End of season power ranking at Massey:

  • 1990: 42
  • 1991: 46
  • 1992: 14
  • 1993: 7
  • 1994: 25
  • 1995: 47
  • 1996: 35
  • 1997: 21
  • 1998: 20
  • 1999: 54
  • 2000: 22
  • 2001: 55 <- Mackovic replaces Tomey
  • 2002: 71
  • 2003: 90
  • 2004: 63 <- Stoops replaces Mackovic
  • 2005: 57
  • 2006: 36
  • 2007: 30
  • 2008: 22
  • 2009: 39
  • 2010: 26
  • 2011: 68
  • 2012: 38 <- Rodriguez replaces Stoops
  • 2013: 23
  • 2014 (so far): 35

There's no comparable team in the B1G. For average performance this is probably Iowa, but Iowa's peaks and valleys are much bigger. No school in this conference is so consistently second-20,

johnthesavage

September 28th, 2014 at 1:17 AM ^

Before we throw all the bums out, I'd like to just say I don't think the entire staff is imploding at all. Greg Mattison, in my opinion, has continued to do an admirable job. Our defense is actually playing quite respectable football, despite being repeatedly screwed by our pathetic offense.

The only guy on this staff that actually looks "imploding" to me is Hoke. Let's just put it on him. I'm trying to imagine a scenario in which we end up keeping Mattison. I don't think it can happen, which is too bad.

ndscott50

September 28th, 2014 at 1:28 AM ^

The goal needs to be a coach who knows what the hell he is doing and has a plan to rebuild the program. If we get that he does not need to be constrained by being a Michigan man, playing "Michigan Football" or playing a system that fits with other peoples vision of how we are supposed to play.

Hire the right guy and let him build the staff he wants to build

BlueinLansing

September 28th, 2014 at 1:18 AM ^

and this is probably the best example, Tyrone Willingham years.  Inherited a Washington program coming off the Nieuheisel/Gilbertson debacle.

 

2005 went 2-9

2006  5-7 after they started drinking chocolate mile

2007 4-9  fans and alums started wondering if Willingham was the right guy for the job

2008  0-12   full implosion

 

If you believe Hoke got a little lucky in year one at Michigan, then this looks all to similar.  Willingham's 2008 team was offensively inept.

 

Truthfully Washington has never recovered from the sanctions imposed by the Pac10 under Don James in the mid 90's which opened the door for Oregon, the Ducks have never looked back and have been the dominant program in the pacific northwest since.

 

 

ndscott50

September 28th, 2014 at 1:19 AM ^

If the current firestorm sweeps the current leadership away we can move forward into the future of Michigan football.

That starts with an AD who gives the new coach full control of the team.
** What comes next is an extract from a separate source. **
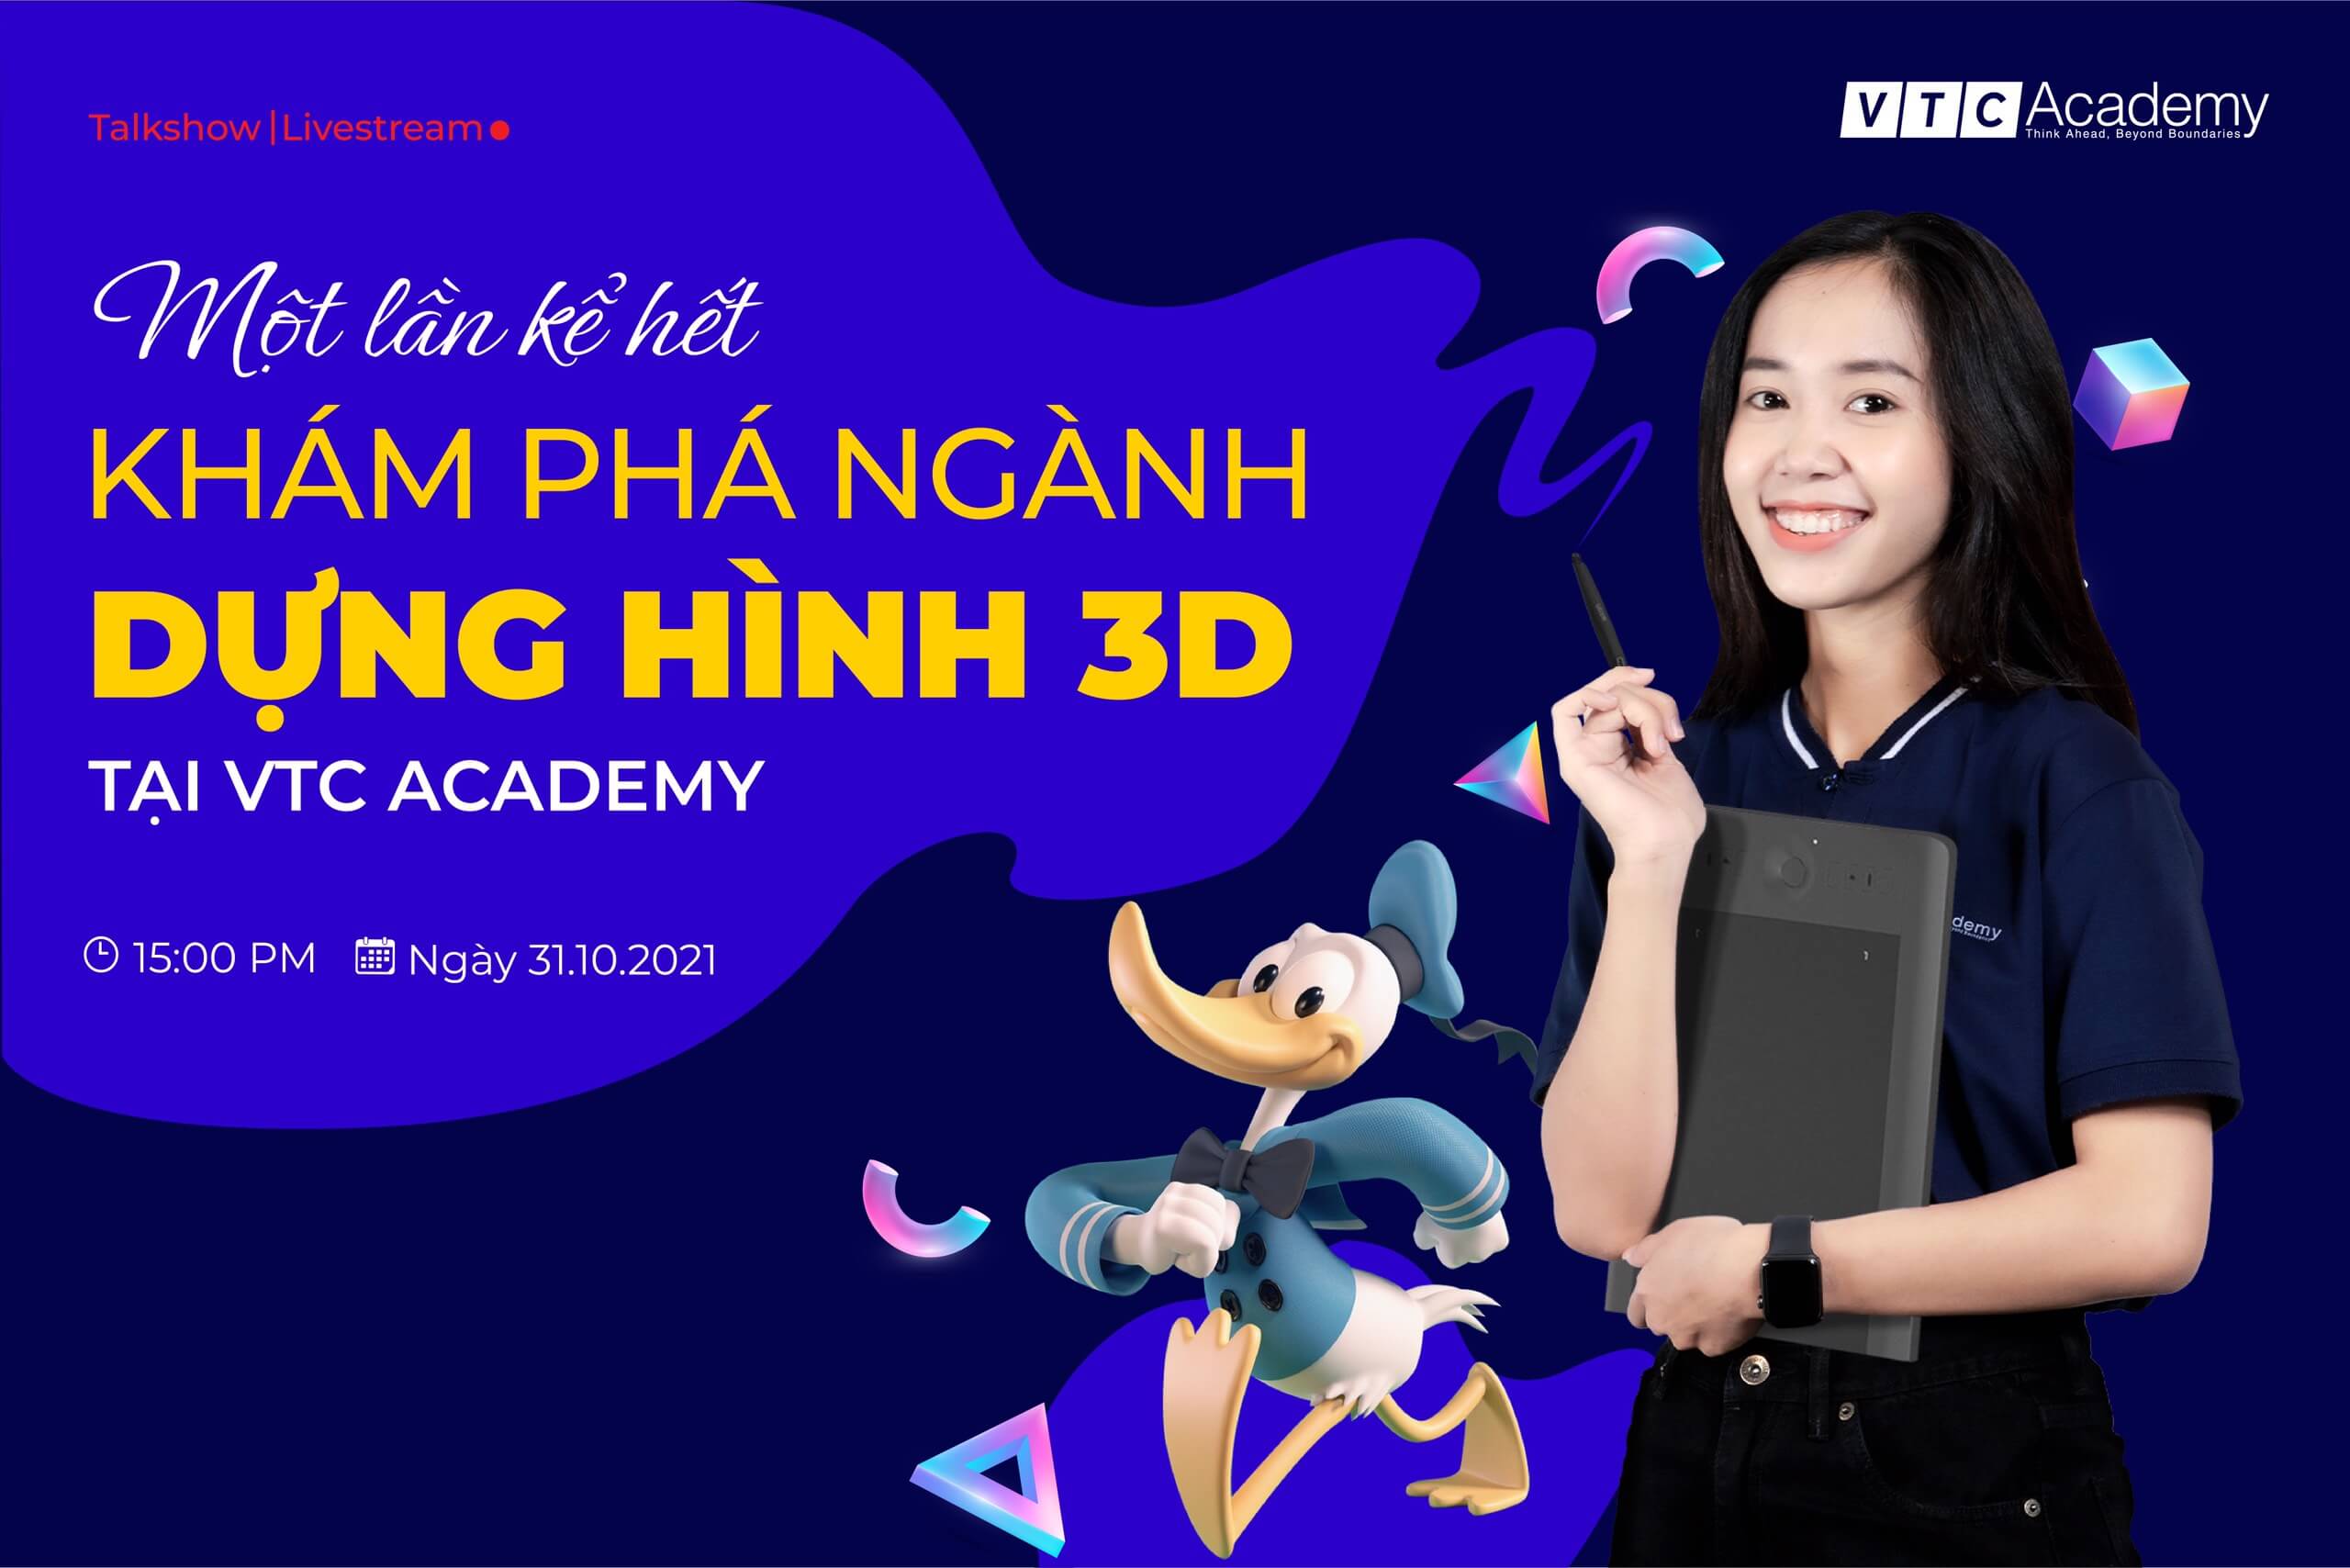 Online Talkshow: “All AT ONCE” – DISCOVER 3D RECORDING INDUSTRY AT VTC ACADEMY

From a philosophical perspective it seems like Hoke/Brandon just wanted to recreate what Bo had. Their obsession with the history of the program is an example of that view. Do strategies that try to recreate the past ever really work? Is a vision of "let's do what that last guy did" effective leadership?

Look we have a great past and we should appreciate it. At the same time trying to recreate the past is not an effective strategy to succeed in the future.

I don't know who the next coach will be but he damn well better have a vision and a plan for how to make the program successful. It needs to be his vision (not Bo's, not Dave Brandon's). Let's find I guy who has been successful and has a plan and then let him get to work on it. Looking at Alabama as an example I don't think he was plagued with people telling him he had to coach like Bear Bryant.

ThadMattasagoblin

September 28th, 2014 at 1:21 AM ^

Yeah. I like Mattison but I said whole staff because I figured he would have to go if we got a new HC. You never know though. Also, he might just retire. When he first signed up to be our DC, didn't he say he wanted to go for about 5 years? It's been 4.